Spiral pizza loaf
12
Points®
Total time: 1 hr 5 min • Prep: 30 min • Cook: 35 min • Serves: 6 • Difficulty: Easy


Ingredients
Mushrooms
300 g, thinly sliced
White self-raising flour
1½ cup(s), (225g)
Wholemeal self-raising flour
½ cup(s), (80g)
Reduced fat oil spread
30 g
Skim milk
1 cup(s), (250ml)
Tomato paste
⅓ cup(s), (90g)
Garlic
1 clove(s), crushed
Shortcut bacon
135 g, (buy 6 x 25g slices), fat trimmed, thinly sliced
Dried herbs
1 tsp, mixed
Semi-dried tomatoes
60 g, finely chopped
Green capsicum
1 medium, finely chopped
Extra light cheddar cheese
1½ cup(s), grated, (180g)
Oil spray
1 x 3 second spray(s)
Instructions
1
Preheat oven to 200°C or 180°C fan-forced. Line a baking tray with baking paper. Lightly spray a medium non-stick frying pan with oil and heat over medium-high heat.
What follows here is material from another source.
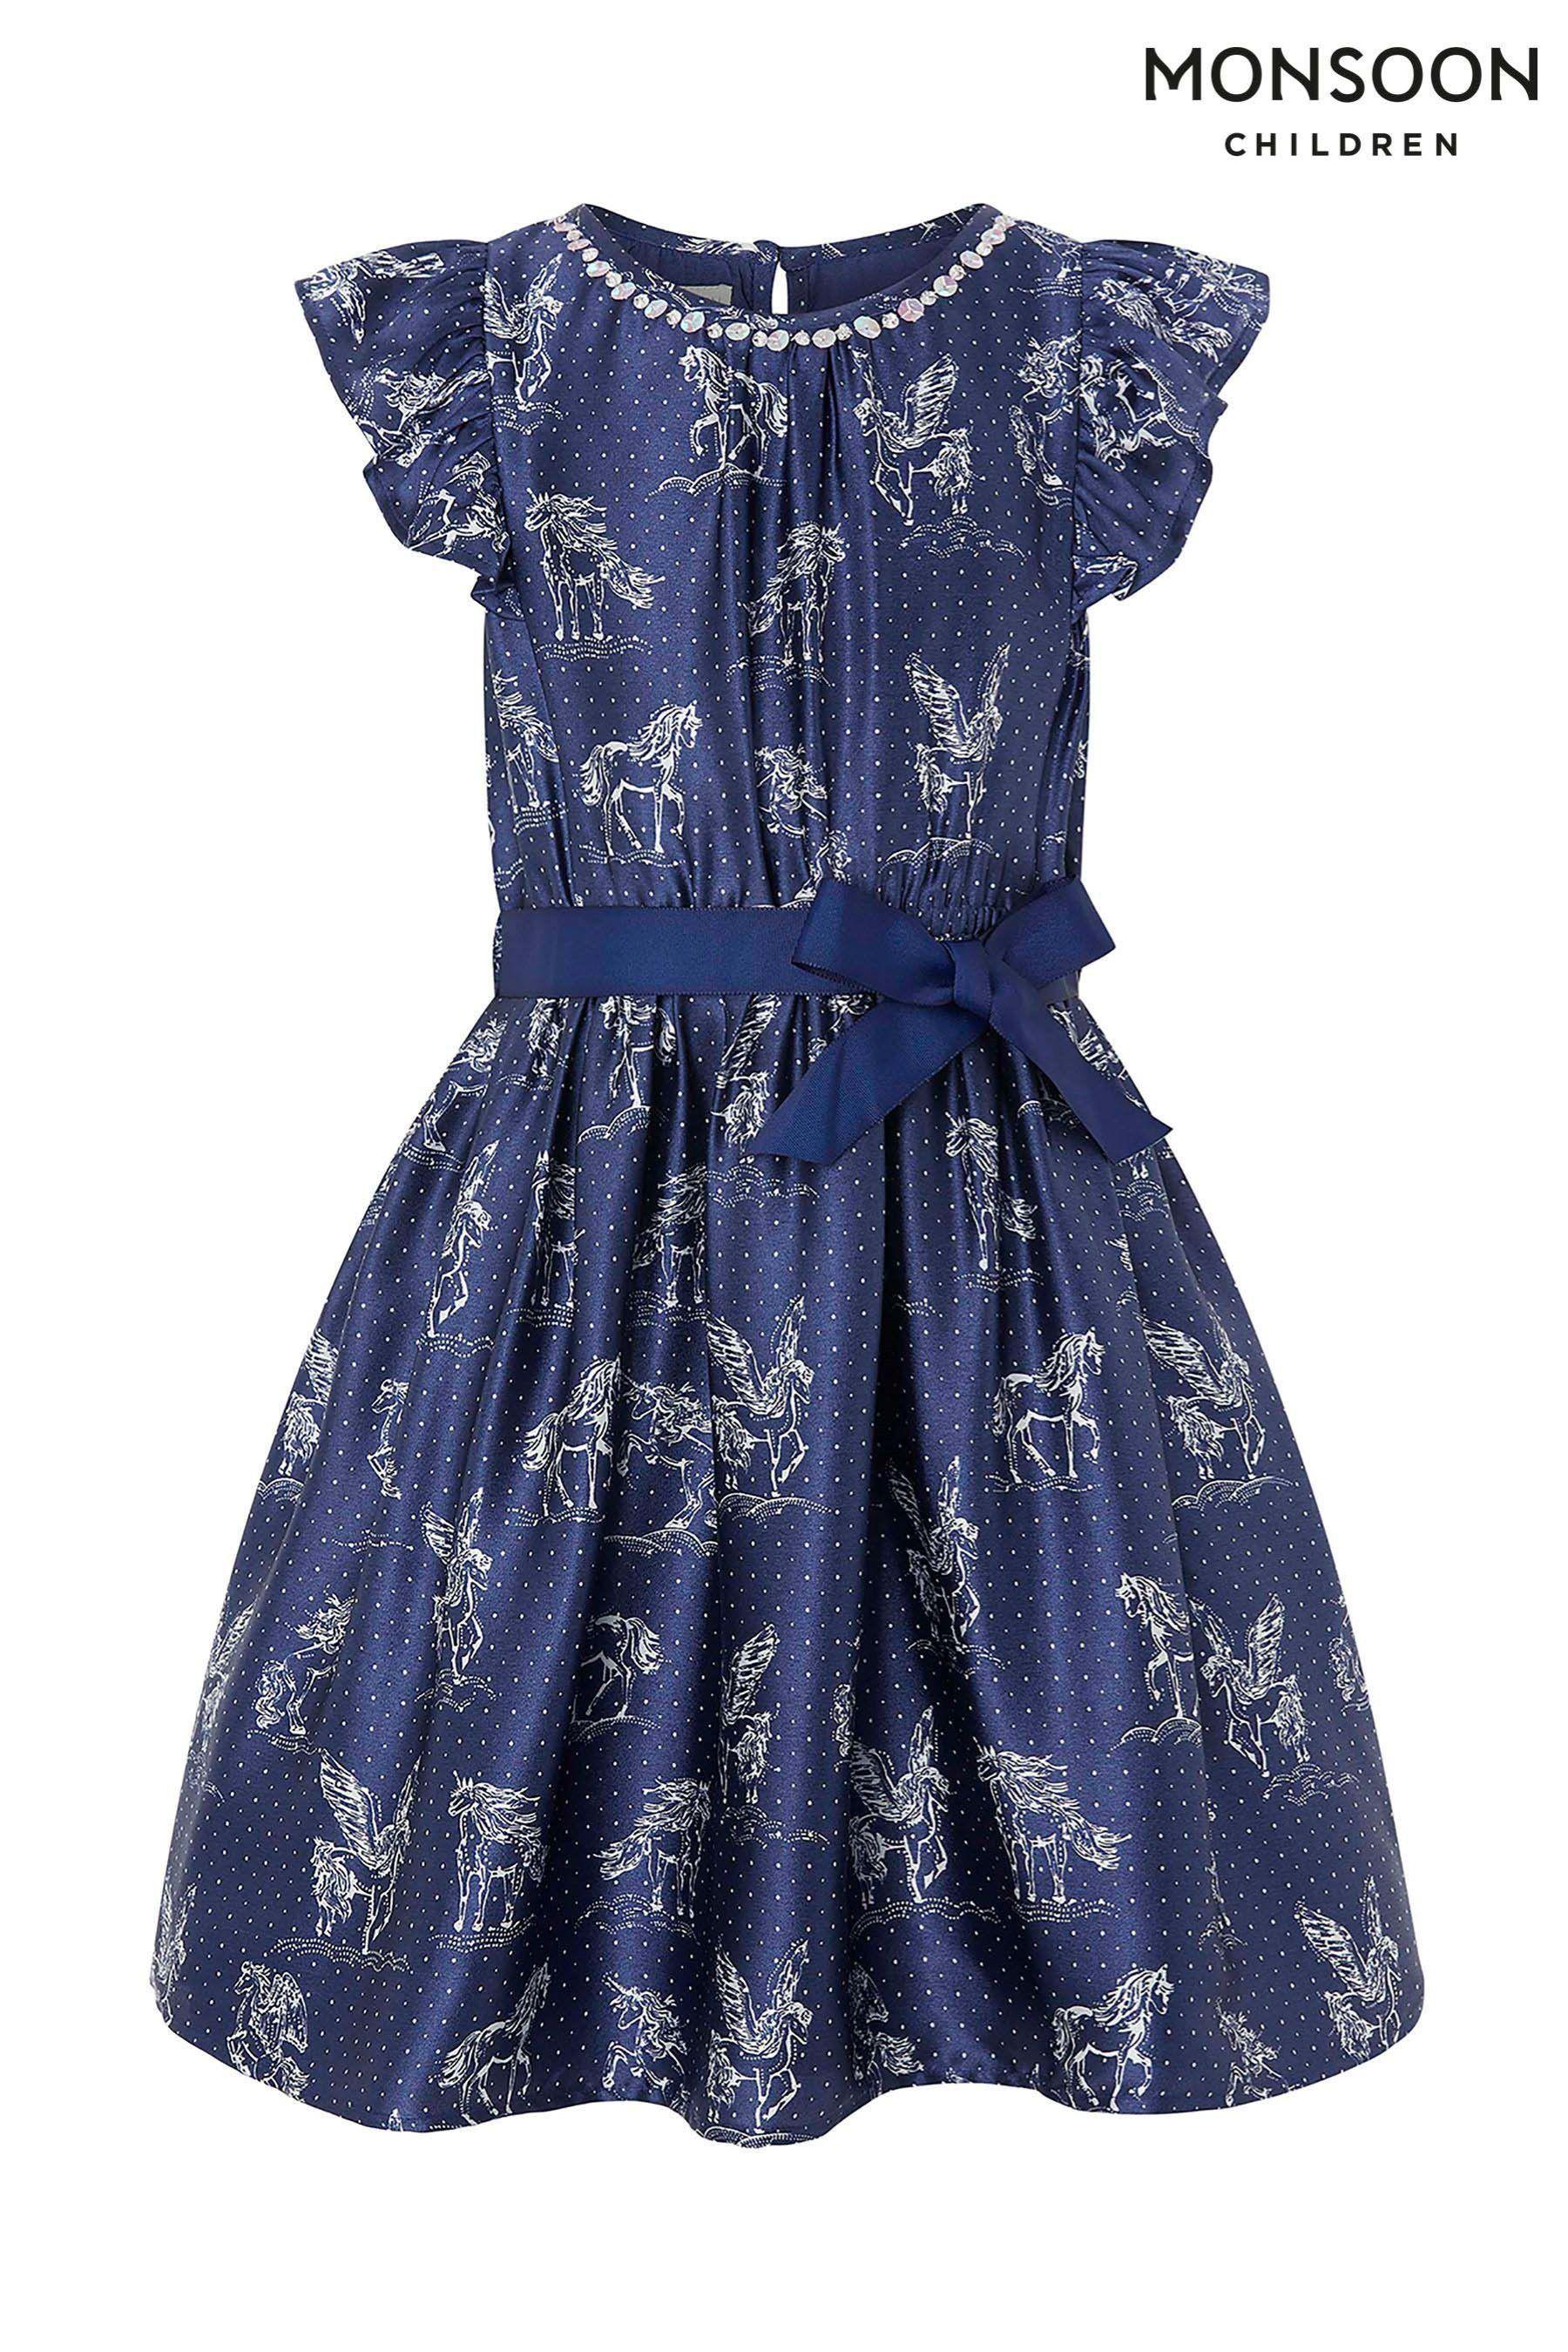 1cd5e9ecce51 Girls Monsoon Evalyn Unicorn Satin Dress - Blue

Cook mushrooms, stirring, for 3 minutes or until tender and any liquid has evaporated.
2
Sift flours into a large bowl. Using your fingertips, rub spread into flour until it resembles fine breadcrumbs. Stir in enough milk to form a soft dough. Reserve any remaining milk. Turn dough onto a lightly floured surface and knead until smooth.
3
Roll dough to form a 30cm x 35cm rectangle. Spread dough with paste and sprinkle with garlic, bacon, herbs, tomatoes, mushrooms and capsicum. Reserve 2 tablespoons cheese. Sprinkle remaining cheese over filling. Starting at 1 long end, roll into a log shape. Transfer to prepared tray.
4
Make small shallow cuts across the top of the dough. Brush with reserved milk, then sprinkle with reserved cheese. Bake for 30 minutes or until golden and cooked when tested with a skewer (see note). Serve warm or cold.